Experiential art takes, often for granted, that by
foregrounding our experience of space we will become aware of our operations in
space in our everyday. Lyons seems to suggest a case for an understanding and
experience of the systems that inhabit and inform spaces. The function, not just
the experience, is brought to the fore. Perhaps, in our world, where the
functionalist doctrine of spaces is so powerful and pervasive, this attitude
bears more relevance to how we comprehend ourselves. To uncover systems is to
give them room to be understood, and then perhaps critiqued or upheld, but
primarily and importantly, to become aware of them. As we inhabit a world that
is made predominantly of systems, this strikes me as highly appropriate. It is
a shift in another direction, away from (whilst still pertaining to aspects of)

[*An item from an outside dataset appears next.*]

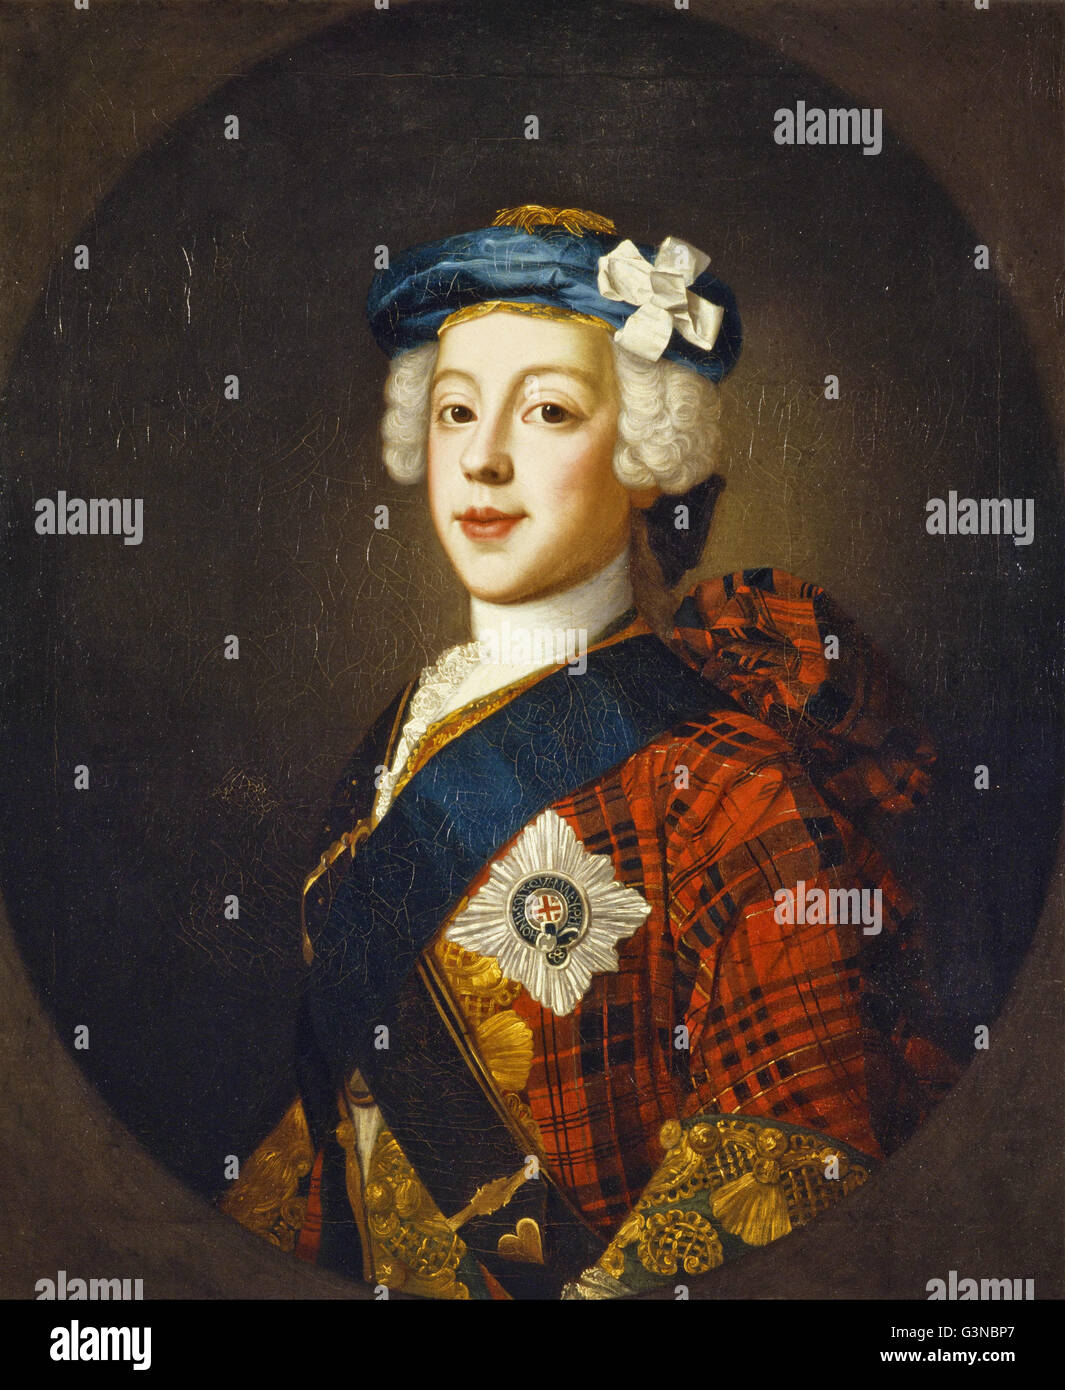 William Mosman - Prinz Charles Edward Stuart, 1720-1788. Ältester Sohn von Prinz James Francis Stockfoto

the subjective, relative nature of phenomenological, experiential art, and into
the relational, negotiated, structural world that exists in tandem with it.

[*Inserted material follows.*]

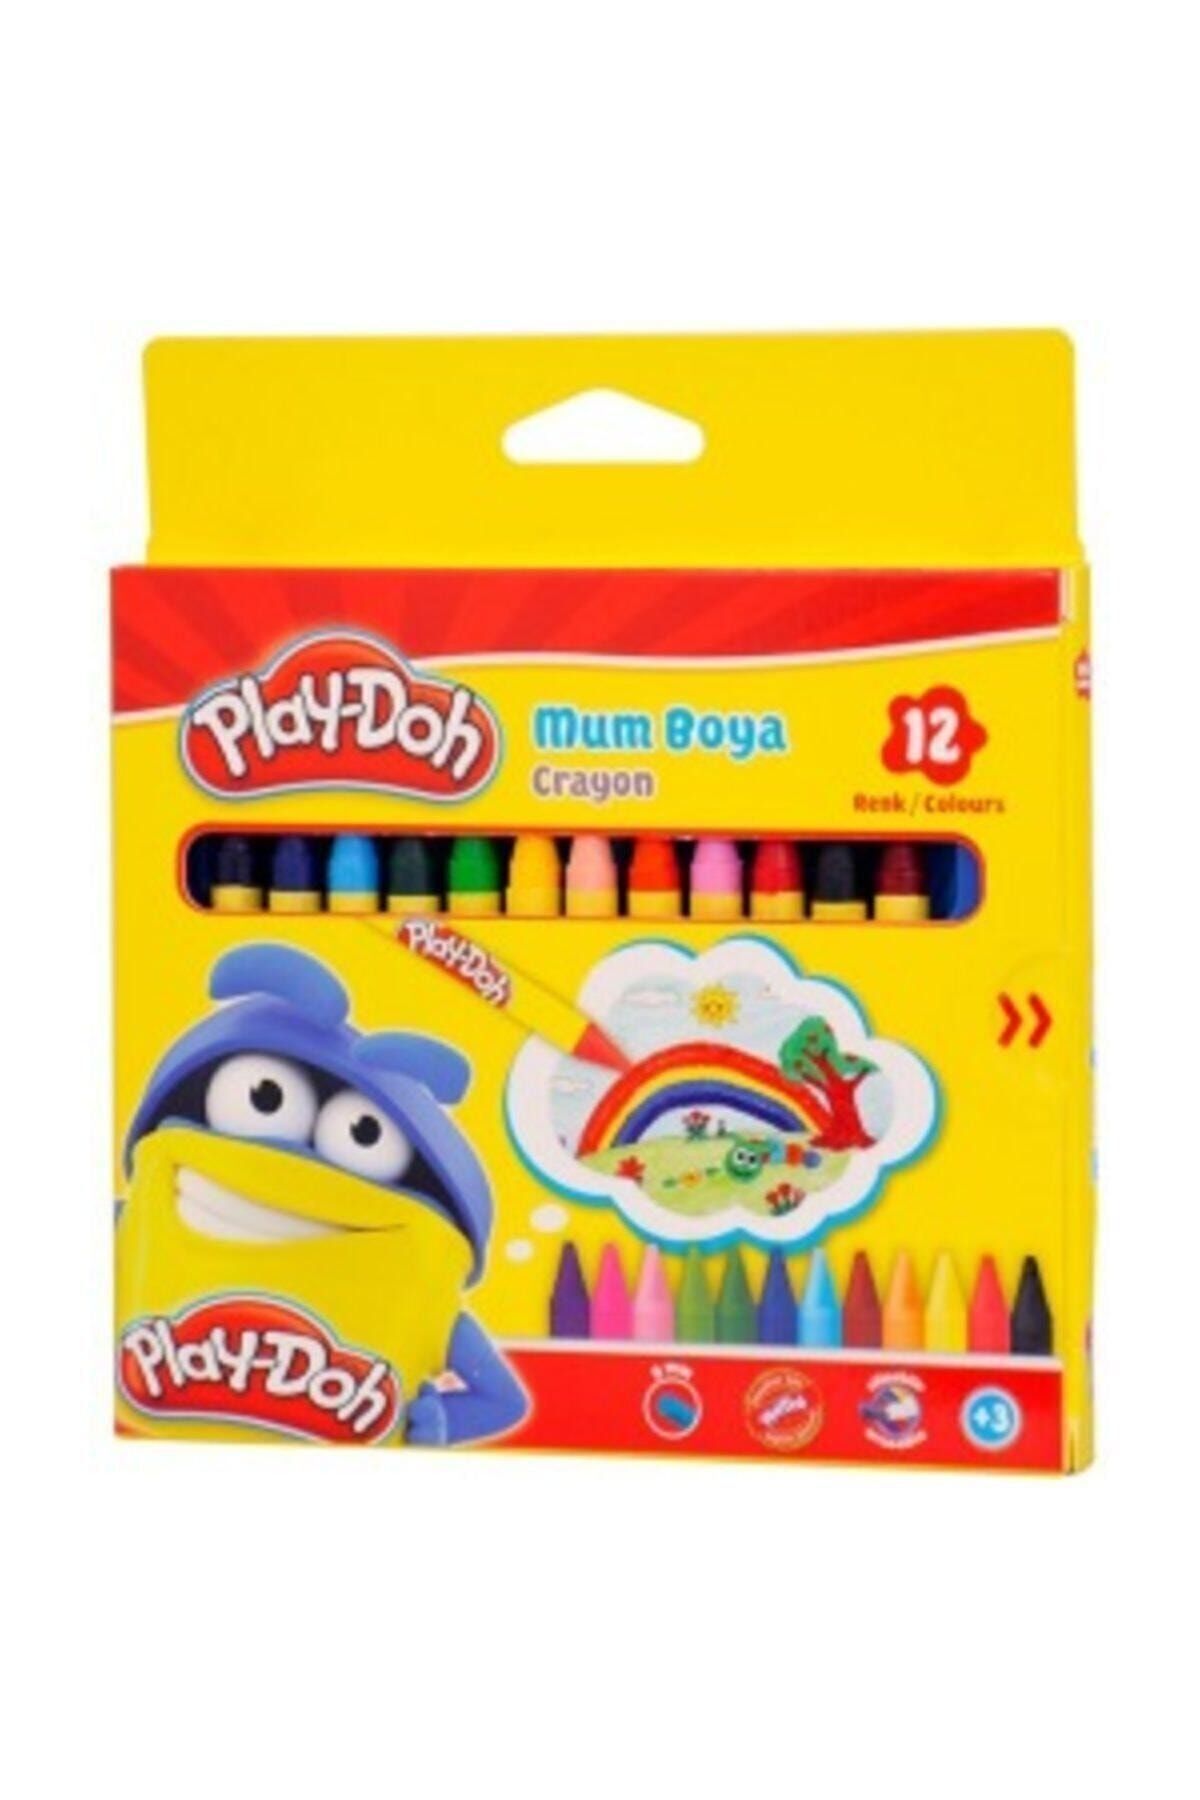 Play Doh 12 Renk Crayon Mum Boya 11 Mm

The principle difficulty in understanding the complexity and
intelligence of Lyons’ work is that it rests in the very subtlety of its
production. The wall plugs made of bronze, the cast plaster blu-tack beside the
information panel – a significant part of the richness in Lyons’ work is to be
found in its subtlety, in its elusive materiality – yet these elements are what
is perhaps most difficult to perceive. The translation of materials, and their
respective properties, is highlighted; yet rarely encountered without close
observation. Perhaps it is this difficulty that Lyons’ title refers to? It also
seems appropriate. Many people walked by the bronze wall plugs, embedded in the
wall with only their tips visible, and remained unaware of their subtleties.
The bronze though, when it is seen, adds to the work a
material understanding – for it is the material of monuments, reduced to a wall
plug. Yet it is simultaneously a monumentalisation of the act of plugging a
wall. It is both a dissolution of the values ascribed to traditional sculpture,
and their recapitulation into valorising a wholly different language. It is as
if Lyons is suggesting that it is the systems of production, and systems of
operation that we now should prize, or recognize the value of, rather than
their objects. Yet the objects of the production of this system are what she has monumentalized. The object that is
valued, and given weight, is the tool, the operative object. There is then a
troubled relationship with the object present in Lyons’ work. It is skilfully,
beautifully, and imperceptibly crafted, yet it seems to suggest that we should
value a system of production, negotiation and presentation rather than what is
presented itself. Perhaps then, it is the crafting of these systems that Lyons
places importance on. If they can be created well, if they can be applied with
deftness and technical precision, perhaps they become something more than
simply systems of use, but also systems to appreciate, and ways of being in the
world that are beneficial to us on a sensory and structural level.